Conforme crescia sua importância e influência, Belchior ia se tornando alvo e vidraça. Eram tempos espinhosos, que exigiam um confronto planejado. Mesmo com várias canções tolhidas pela censura, Belchior nunca quis ser ponta de lança, nem militar contra o regime de exceção. Sua abordagem ao falar de política, sempre foi mais consoante, citando mais “Mikhail Bakunin”, do que “Marx” ou “Lênin”.

“Não é simplesmente a arte ou a informação que estão sendo censuradas, mas todo o povo. Como é mais difícil censurar todo o povo, censuram-se os intelectuais, os artistas, a imprensa. Eu não faço música partidária. Eu sou a favor de um recrudescimento das qualidades individuais, diante de qualquer instituição e também da instituição política. Se tem governo, eu sou contra. Se tem partido, eu sou contra. Eu não quero pertencer a partido, igreja, escola, a nenhum grupo institucional. Eu só pertenceria a um partido que não quisesse o poder”.

No final dos anos 1970, não só os militares estavam enfraquecidos, mas também o movimento hippie que vinha perdendo seus adeptos. Porém, Belchior envelheceu bem; até hoje e talvez sempre, ouvir Belchior, será uma reflexão e por isso, ele conseguia se encaixar em todas as tribos.

Hélio, por sua vez, mantinha a agenda com uma média de 130 shows por ano, fora as eventuais apresentações pela Europa e Estados Unidos.

A Warner fazia todas as suas vontades e também o bajulava. Eles queriam mais discos de sucesso e foi nesse clima de bajulação, que Belchior entrou em estúdio para gravar seu quarto trabalho: “Todos os Sentidos”, lançado em 1978 e como não poderia ser diferente, a música de trabalho foi “A Divina Comédia Humana”.

 

Se liga nessa frase: “Estava mais angustiado que um goleiro na hora do gol”.

Belchior era refinado? Sim! Mas sabia conversar com as massas. Eu adoro essa comparação, por que, salvo exceções, um goleiro de futebol está ali, apenas para evitar que seu time sofra o gol. Sendo esse um esporte tão popular, e sendo o gol o momento ápice da partida, o mais fotografado, que vai ser a capa da página de esportes, como não assimilar a expressão de angústia de um goleiro imponente, vendo a bola passar por ele, prestes a entrar no gol?

Marco Mazzola

“Todos os Sentidos”, novamente, foi produzido por Mazolla, que dessa vez, contou com a ajuda de “Liminha” na coprodução e pela primeira vez, Belchior gravou nos E.U.A., no “Westlake Studio” e contou com apoio de músicos americanos experientes. Quando perguntado sobre isso, Bel foi cauteloso ao descrever o deslumbre em ter acesso aos equipamentos de ponta e aos profissionais americanos, dizendo que foi uma experiência importante. Mas ele não havia se impressionado muito, pois… “Eu venho de uma realidade artesanal, rudimentar, em que você sabe que pode se exprimir com meios precários e até se contentar com determinadas imperfeições”.

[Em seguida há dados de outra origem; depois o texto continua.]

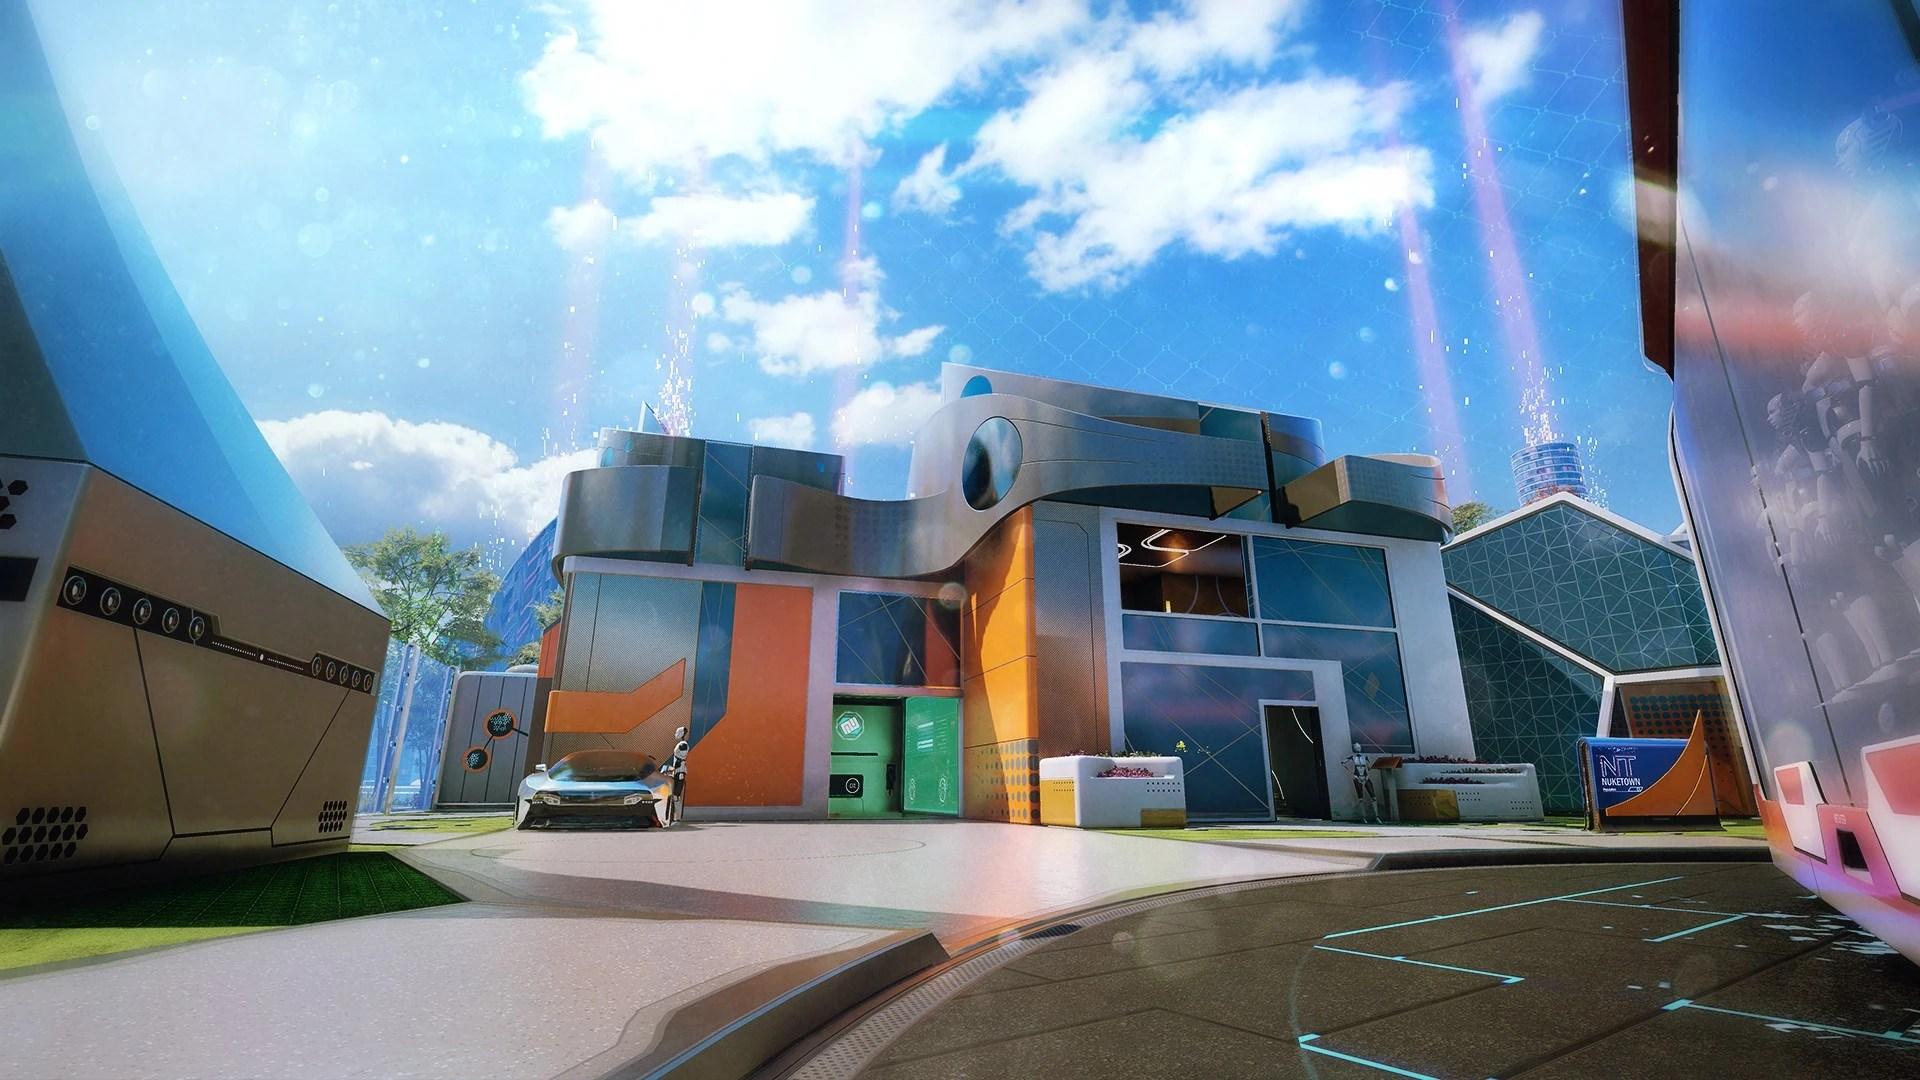 Titan Fall 2 Hd Wallpaper Nuk3town Call Of Duty Wiki Fandom Powered By Wikia

Bel sabia se expressar com sabedoria e com respeito. Conseguia falar tudo o que queria ao seu algoz e ainda tomar um vinho com ele no final. Nesse disco, gravado nos E.U.A., ele resolveu resgatar uma música muito densa e enigmática da sua carreira, que também está no primeiro disco, “Na Hora do Almoço”, que até foi bem na época, mas devido a adição de elementos sonoros não usuais, essa versão de 1978, acabou ficando datada.

Quem estava próximo, afirma que Belchior voltou diferente dos E.U.A., mais engraçado, extravagante, trazendo roupas com plumas e paetês. É que ele passou boa parte do tempo que esteve em Los Angeles junto com “Ney Matogrosso”, que provavelmente o influenciou, aliás, quem conviveu com Belchior, também comenta que sua sexualidade era indefinida.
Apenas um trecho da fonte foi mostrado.